The Kelly Criterion is a well-known capital management theory for repeated games. Its goal isn’t to maximize single-trade profit but to maximize long-term compound growth rate of capital. Based on estimates of win probability and odds, it calculates the optimal betting proportion to improve capital growth when the expected value is positive. Widely used in quantitative investing, professional betting, poker, and asset management.

  • Classic form: f* = (bp - q) / b
  • where f* is the optimal stake proportion, b is net odds, p is win probability, q=1−p
  • Simplified for prediction markets: f* = (p - market_price) / (1 - market_price)
  • where p is subjective true probability, market_price is implied probability

The effectiveness of Kelly depends heavily on accurate estimates of true probability and odds. In practice, traders find it difficult to consistently estimate true probabilities accurately. Therefore, professional bettors and prediction market participants tend to prefer rule-based strategies with higher implementability and lower reliance on probability estimates:

  • Unit System: dividing capital into fixed units (e.g., 1%), betting different units based on confidence, with an upper limit on units to constrain risk—most common practical method.
  • Flat Betting: betting a fixed proportion each time, emphasizing discipline and stability, suitable for risk-averse or low-confidence environments.
  • Confidence Tiers: pre-setting discrete position levels with absolute caps to reduce decision complexity and avoid the pseudo-precision issues of Kelly.
  • Inverted Risk Approach: starting from maximum tolerable loss and working backward to determine position size, based on risk constraints rather than expected returns.

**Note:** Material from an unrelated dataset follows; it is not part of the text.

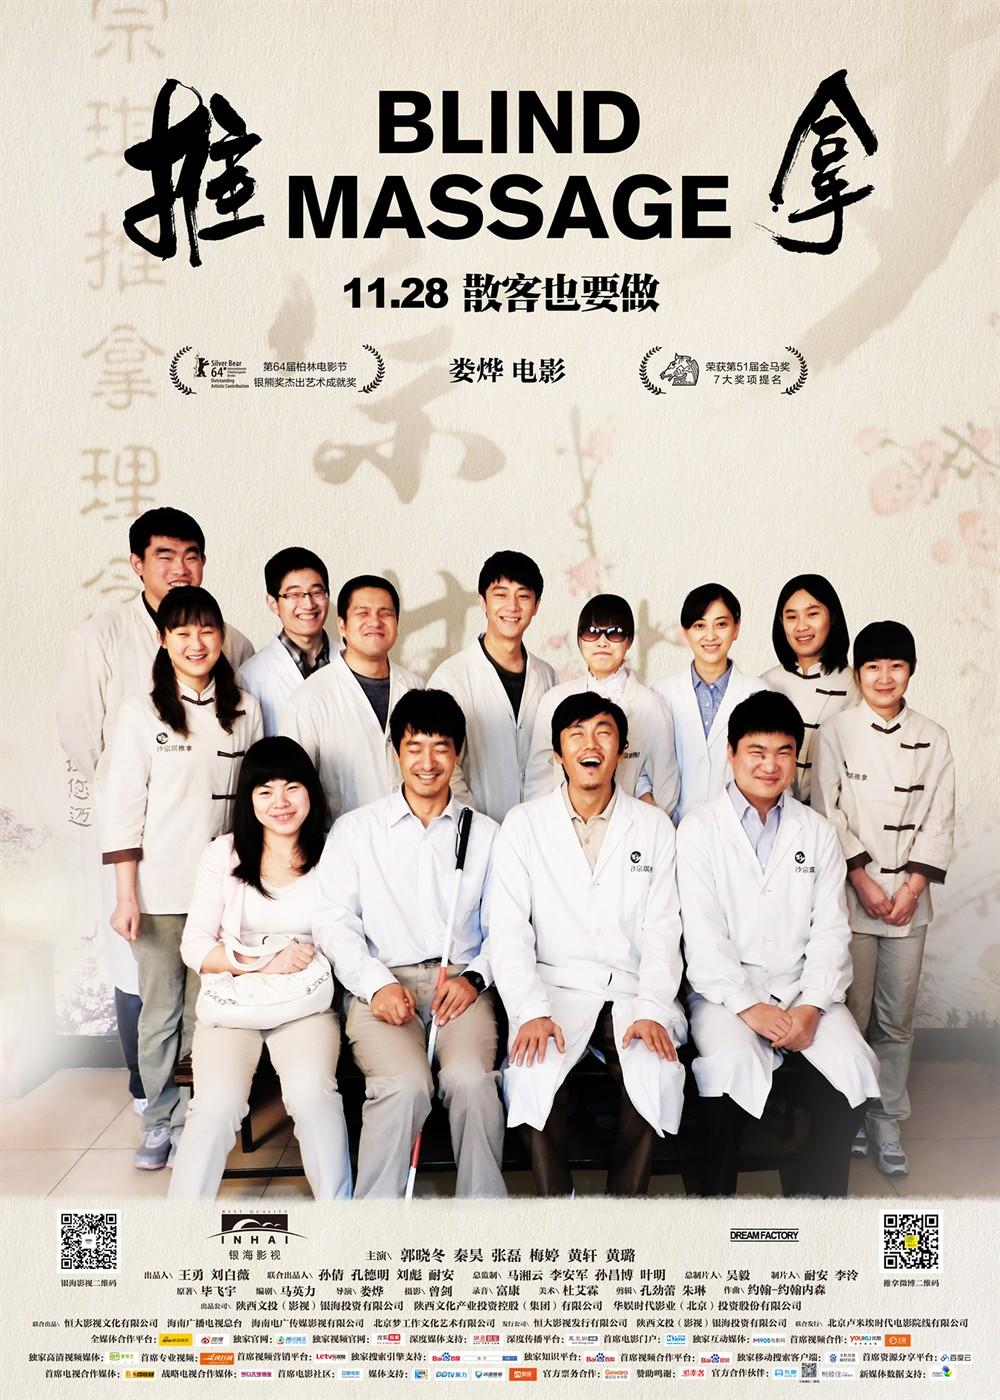 Zhong le fu massage
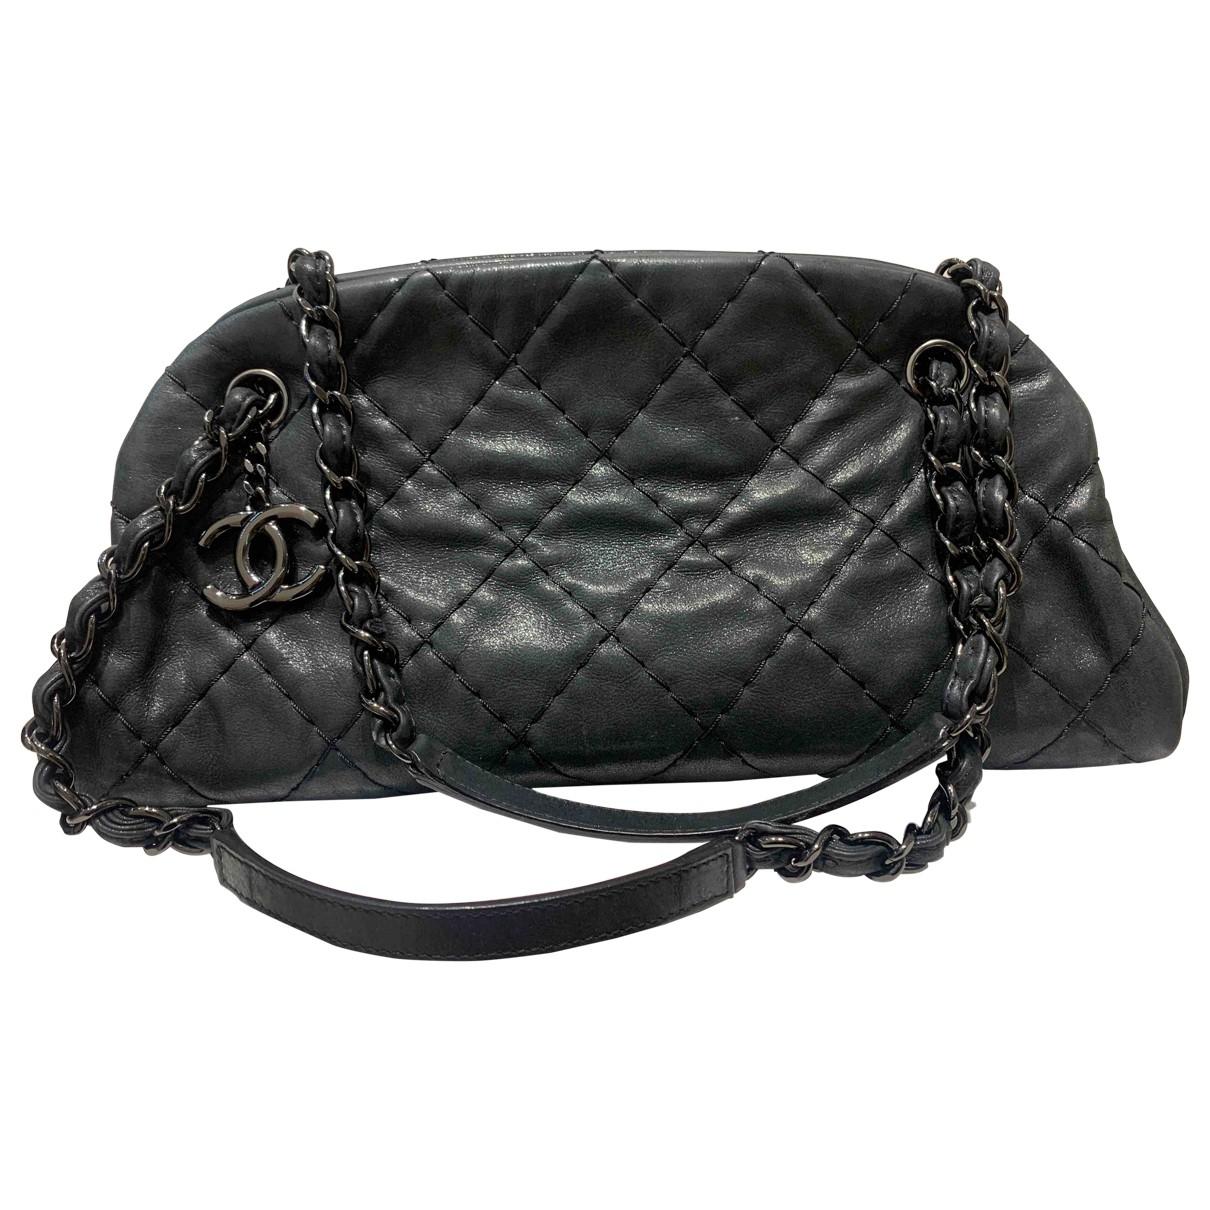 Chanel Mademoiselle Black Leather handbag for Women \N

For prediction market agents, strategy design should prioritize implementability and stability over theoretical optimality. Clear rules, simple parameters, and fault tolerance to judgment errors are key. Under these constraints, the tiered confidence method combined with fixed position caps is most suitable. This approach does not rely on precise probability estimates but classifies signals into limited tiers with corresponding fixed positions; even in high-confidence scenarios, risk is controlled with explicit caps.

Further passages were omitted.